RAW DATA:
[Start of Attachment]
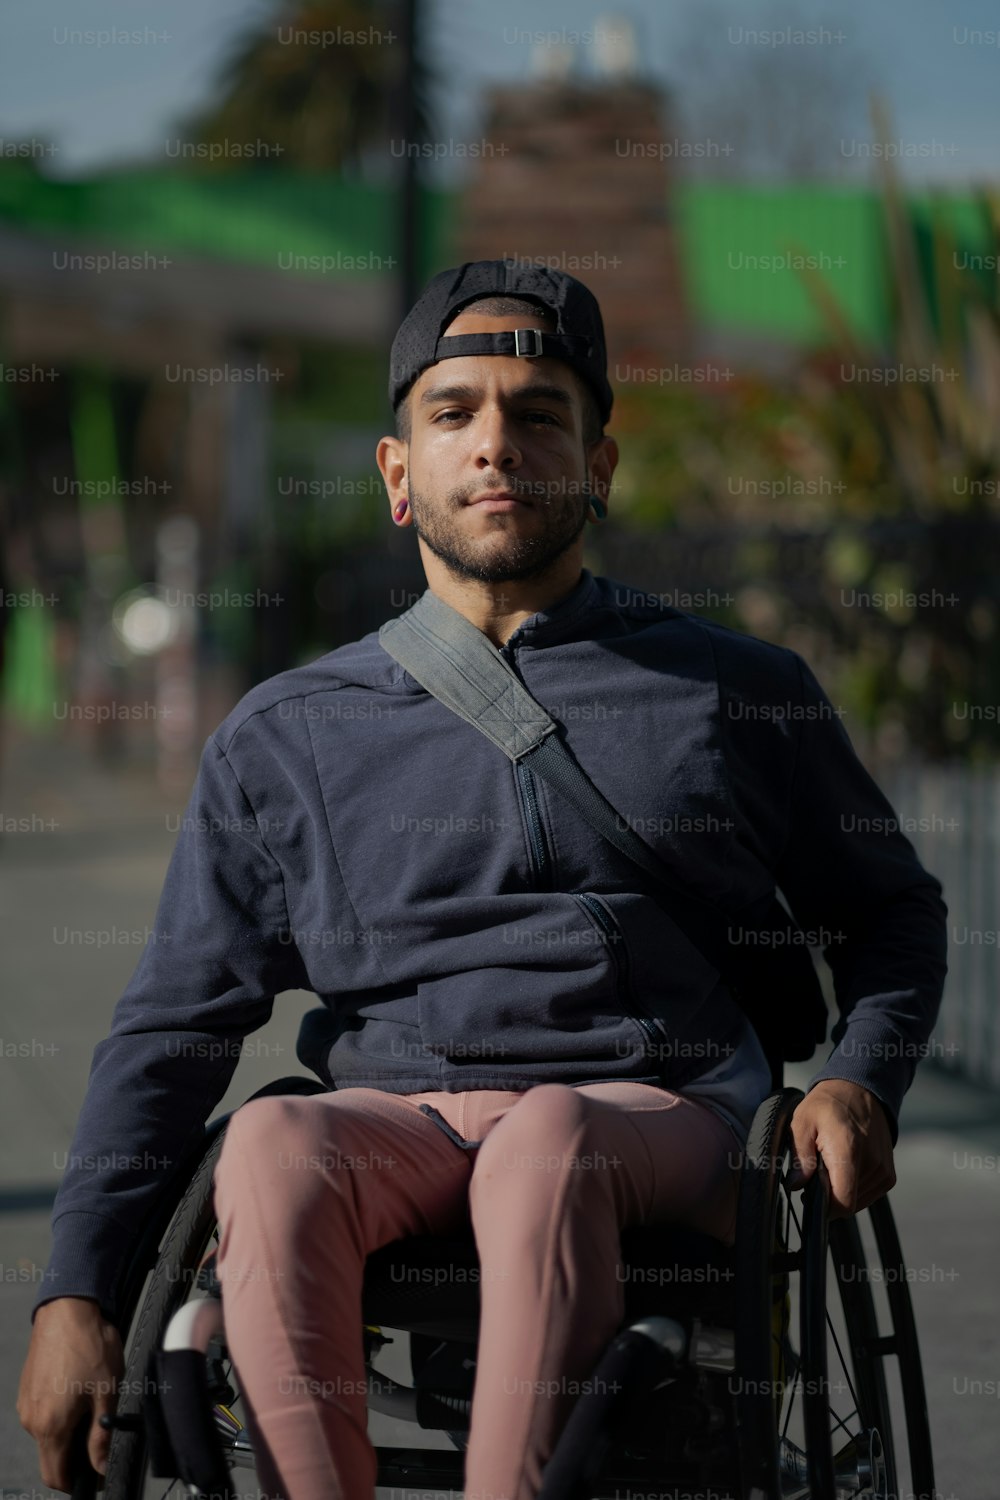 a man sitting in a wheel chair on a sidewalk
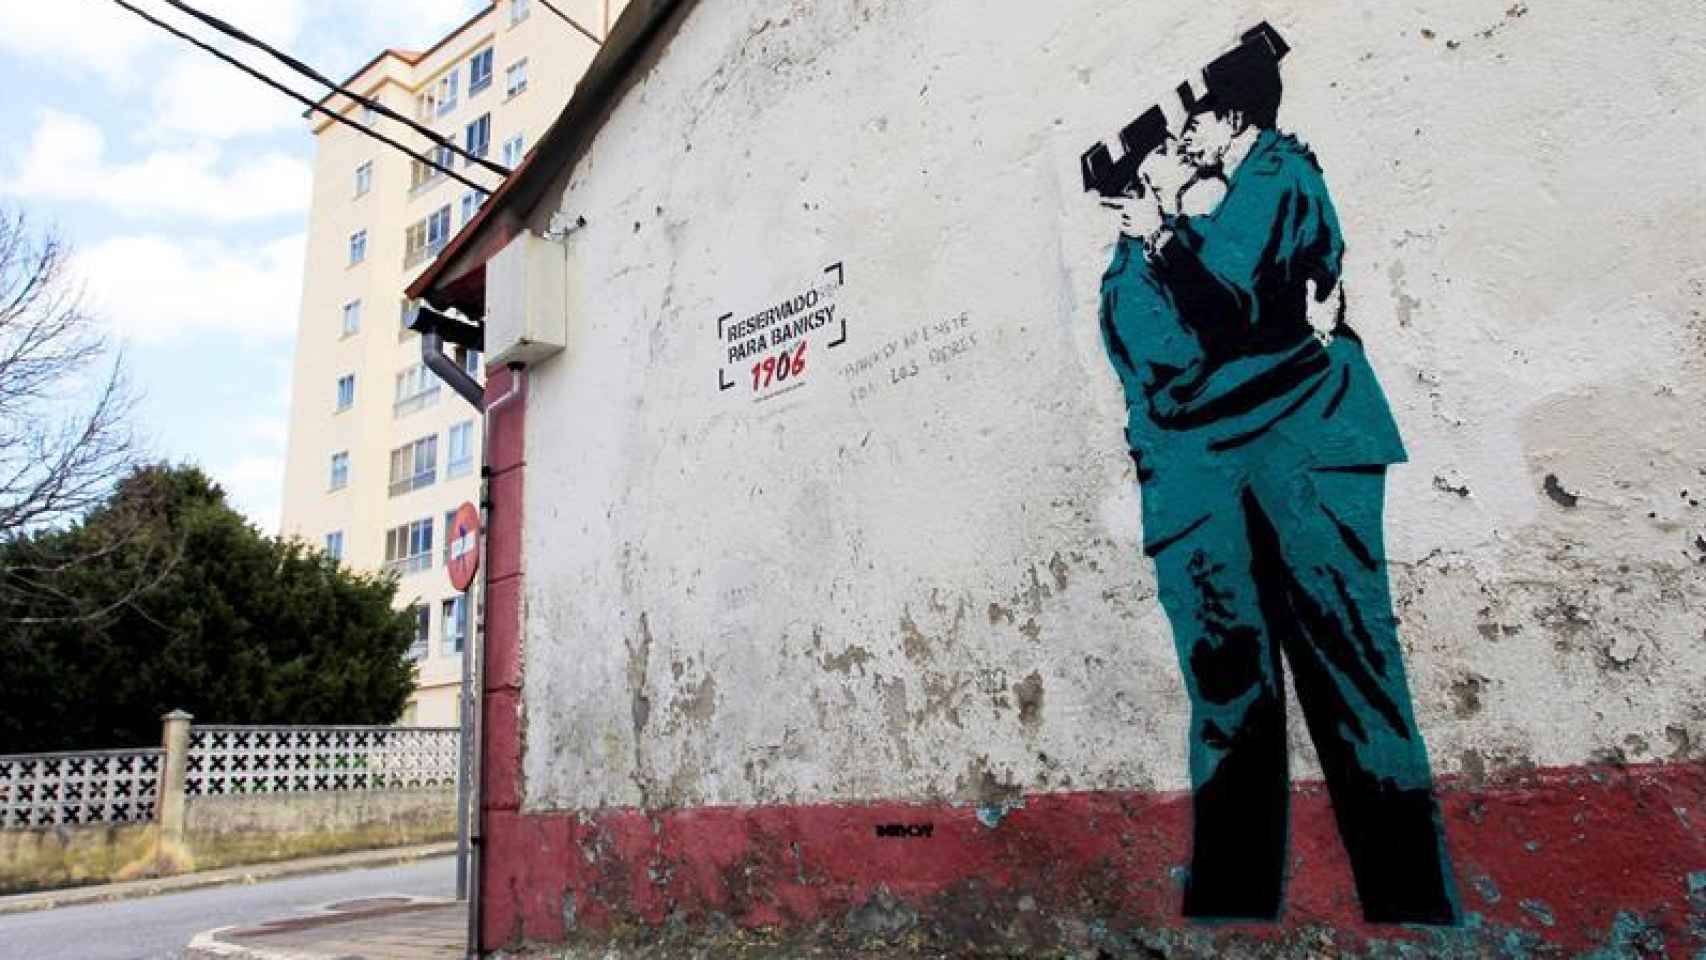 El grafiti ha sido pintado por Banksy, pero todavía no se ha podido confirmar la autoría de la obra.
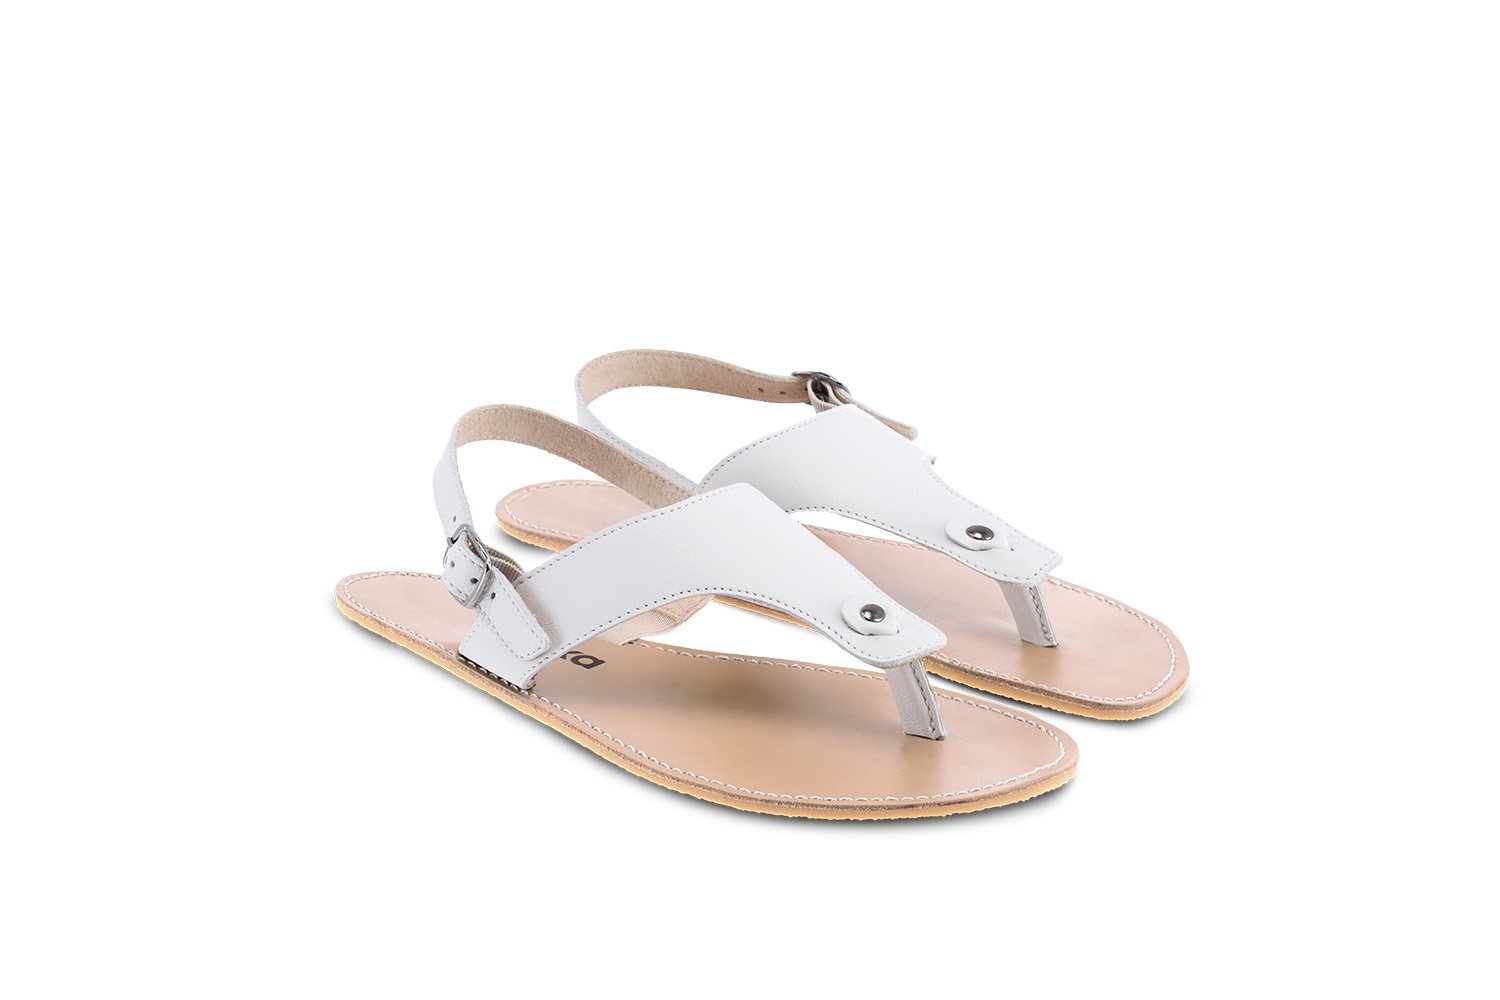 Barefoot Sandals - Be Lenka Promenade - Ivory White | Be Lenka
[End of Attachment]
ASSIGNMENT:
The line containing "El grafiti ha" and every line after it, through the end of the material above, are to be printed exactly; no pictures belong in the output.

SOLUTION TO THE EXERCISE:
 El grafiti ha sido pintado por Banksy, pero todavía no se ha podido confirmar la autoría de la obra.
 Barefoot Sandals - Be Lenka Promenade - Ivory White | Be Lenka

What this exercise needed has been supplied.